Friday, September 7, 2007

Love and Ice Weasels

I've been thinking lately about love.

Matt Groening says, "Love is a snowmobile racing across the tundra and then suddenly it flips over, pinning you underneath. At night, the ice weasels come."

A very wise friend told me a long time ago that many (if not most) women look for the wrong things in potential boyfriends/husbands. She said that her husband was a wonderful guy and that many women had told her that they envied her, but she knew that those same women would never have gone out with him in the first place. When he was single, they would have seen a guy who didn't have much money, or a nice car, or a job in an office, or a college degree. But once he was married, they saw a guy who supported his wife emotionally and financially and was a loving, loyal husband.

I started thinking about what traits in a guy were most important to me. I decided that having a lot of money wasn't a requirement -- I didn't have any money, so it seemed a bit hypocritical to insist upon a rich guy. I have a college degree, but that's not important to me.

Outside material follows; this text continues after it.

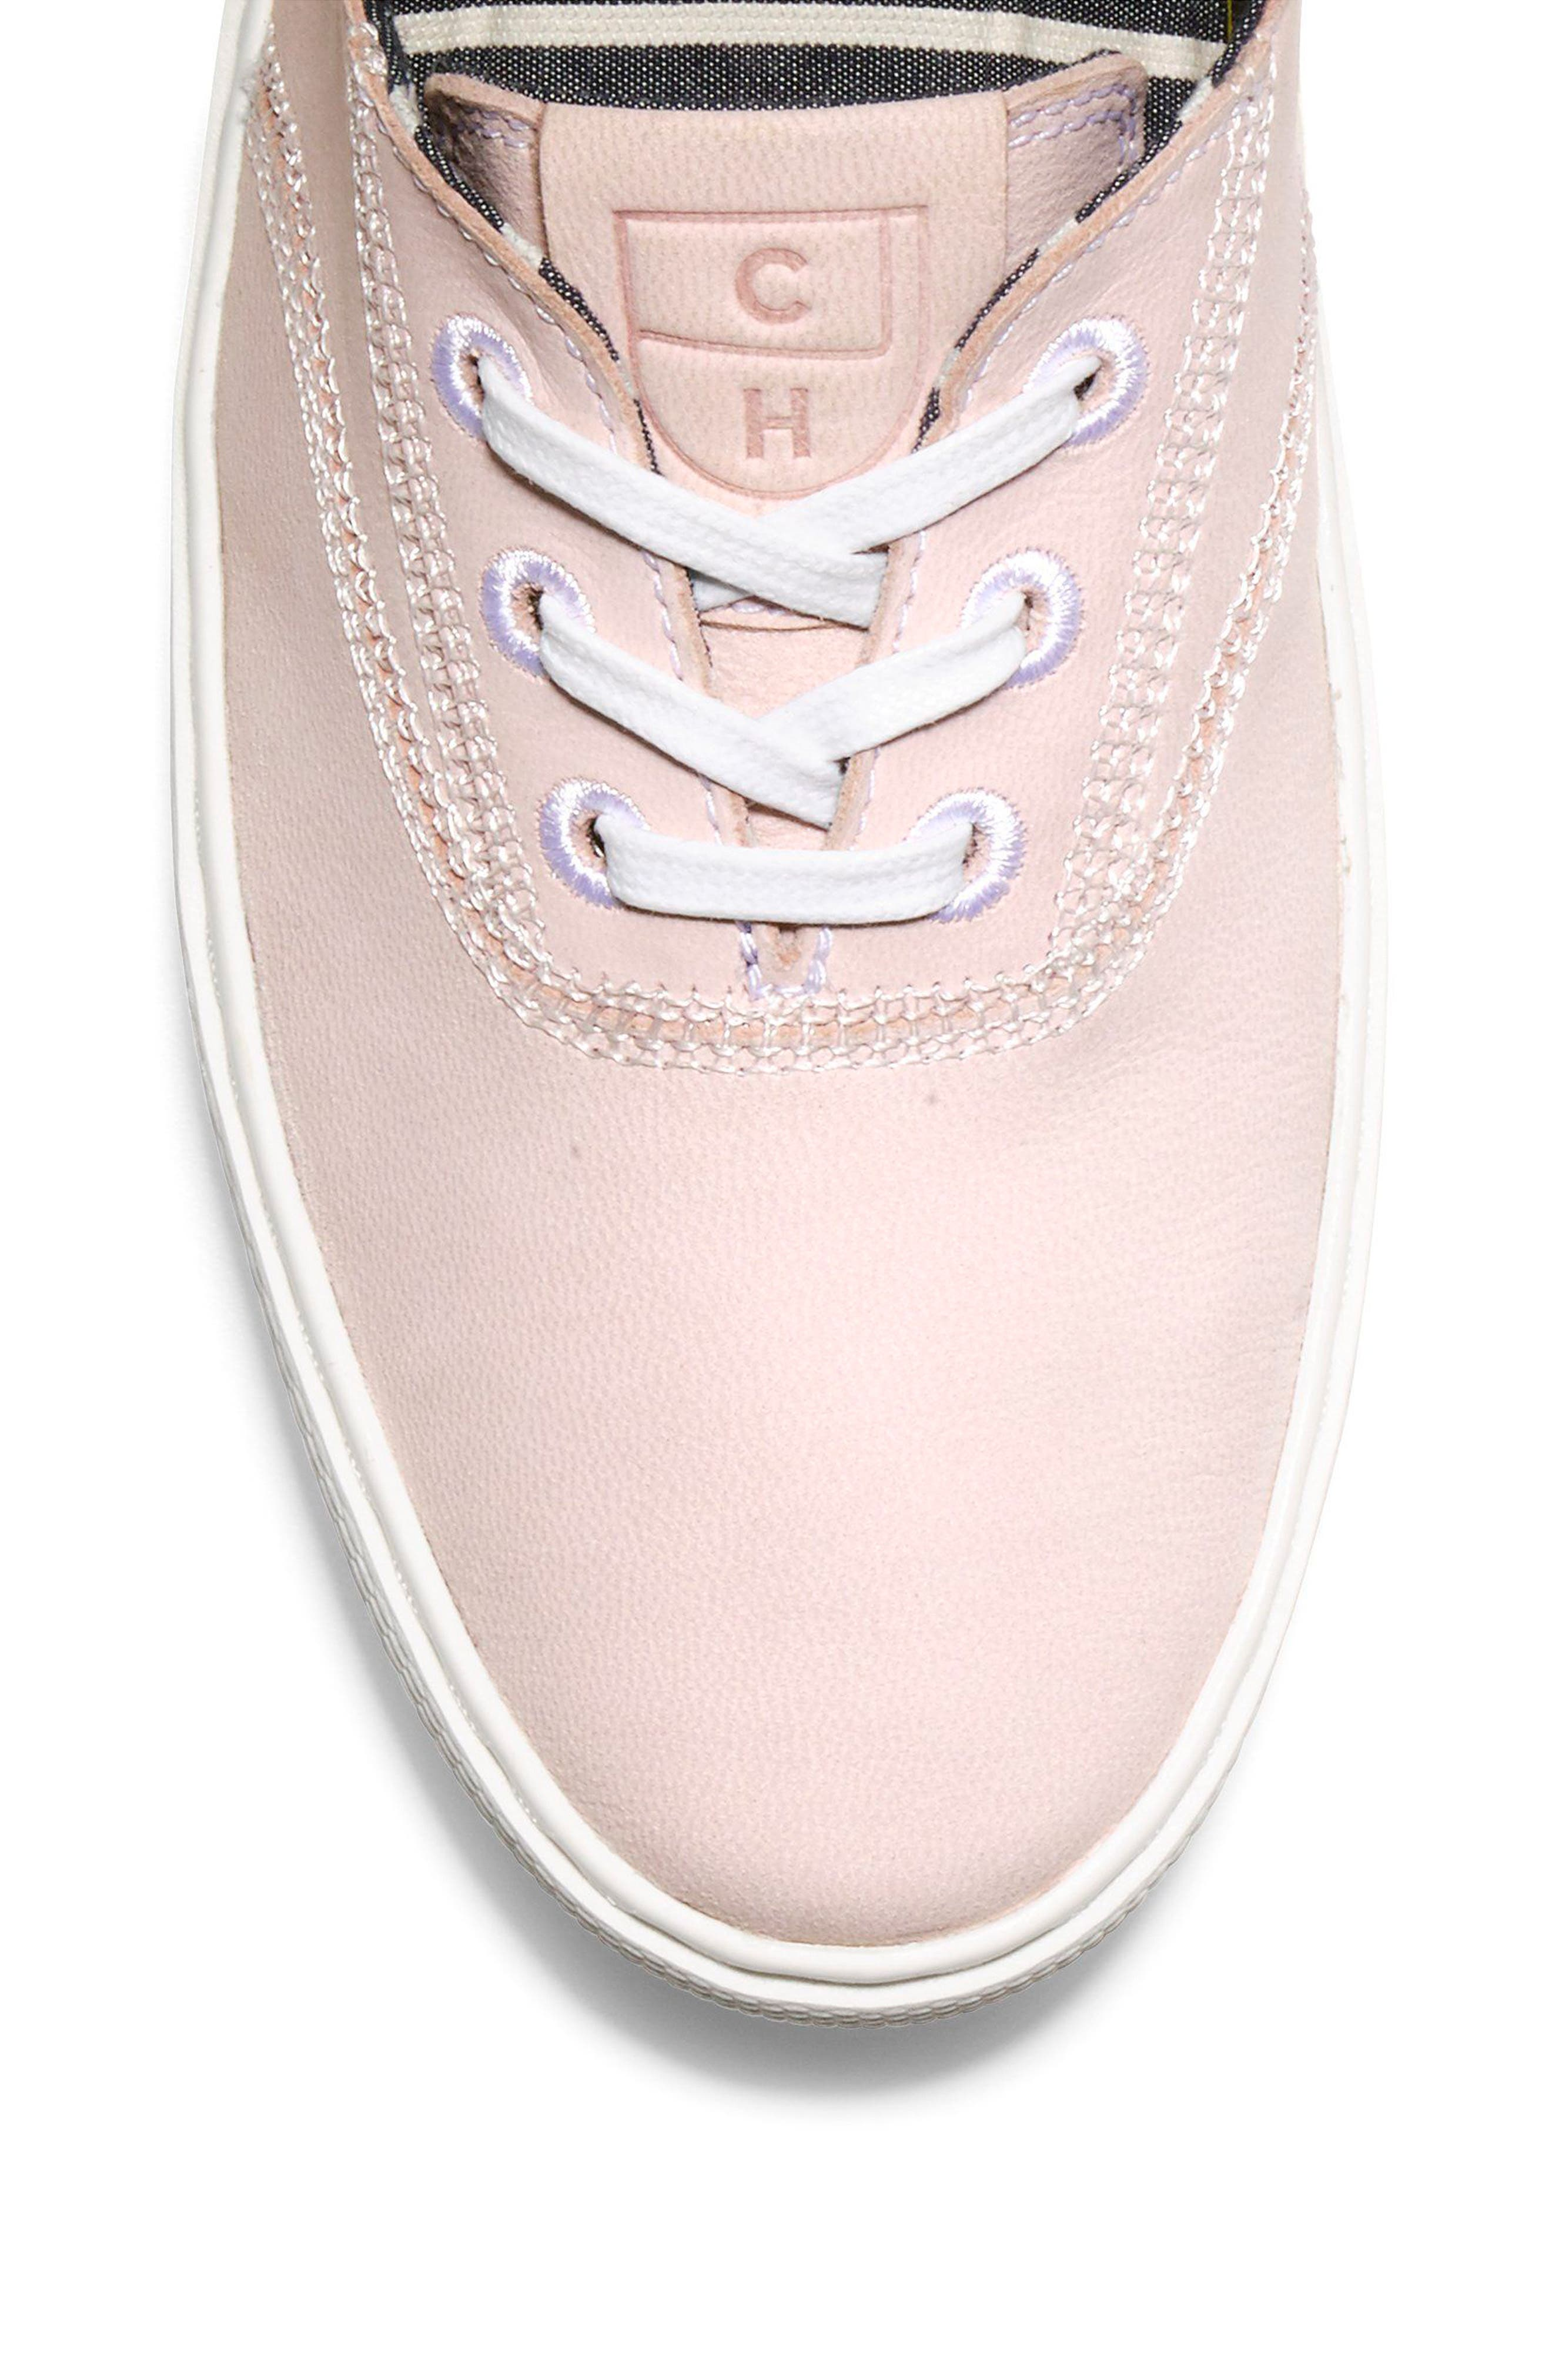 GrandPro Deck Sneaker,                             Alternate thumbnail 7, color,                             PETAL/ OPTIC WHITE NUBUCK

I had dated guys who were not especially affectionate or cuddly, and that is a deal-breaker. My parents were very touchy and hand-holdy with each other and with me while I was growing up, and it's a very important part of a relationship for me. (I can see how it wouldn't be for everyone... To each her own.)

I also had to have someone who had my same sense of humor (a winning combination of stupid humor and dark sarcasm). I wanted someone who liked to read (WHAT they read, I didn't care about, I just can't relate to those people who never read books).

I didn't care about a guy knowing how to fix a car or an air conditioner or a septic tank. That'd be nice, but it's not a deal-breaker.

The guy would have to want monogamy. Some men and women don't, and again, that's fine for them if it works, but it doesn't work for me. I knew I wanted to be with a person who would put our relationship first, and make me his first priority.

I would prefer a guy who was creative, because I think it's hot, and because I think a creative person might be more likely to appreciate my weird creativity.

My future boyfriend/husband would have to be intelligent. At least as smart as I am, if not smarter. I want someone with whom I can have interesting, challenging conversations, who can teach me things and be open to learning from me.

So: I was looking for a guy who was
* Physically affectionate
* Stupid/dark sense of humor
* A reader
* Monogamous
* Intelligent
* Loyal

That's basically it. So a few years later, when I met a kind, cheerful, smart, creative, funny guy, I was interested. When he told me he had been laid off and was having trouble finding another job (this was a couple of months after 9/11), I said that was a shame, but it wasn't a deal-breaker for me. When he said that he was still living with his ex-girlfriend (due to the whole not having a job thing) as a roommate and not sharing a bedroom, I said that's cool.

We went out on a few dates, and right away I felt something for him that I had never felt before, a combination of passion and... comfort. I was excited by him, but also relaxed around him (I am not relaxed around anyone, so this was unprecedented). Our first date was 12/6/01, and we moved in together at the end of January '02. He got a job, and we moved to a bigger place. On 12/6/02, the anniversary of our first date, he proposed. We got married on 10/01/03.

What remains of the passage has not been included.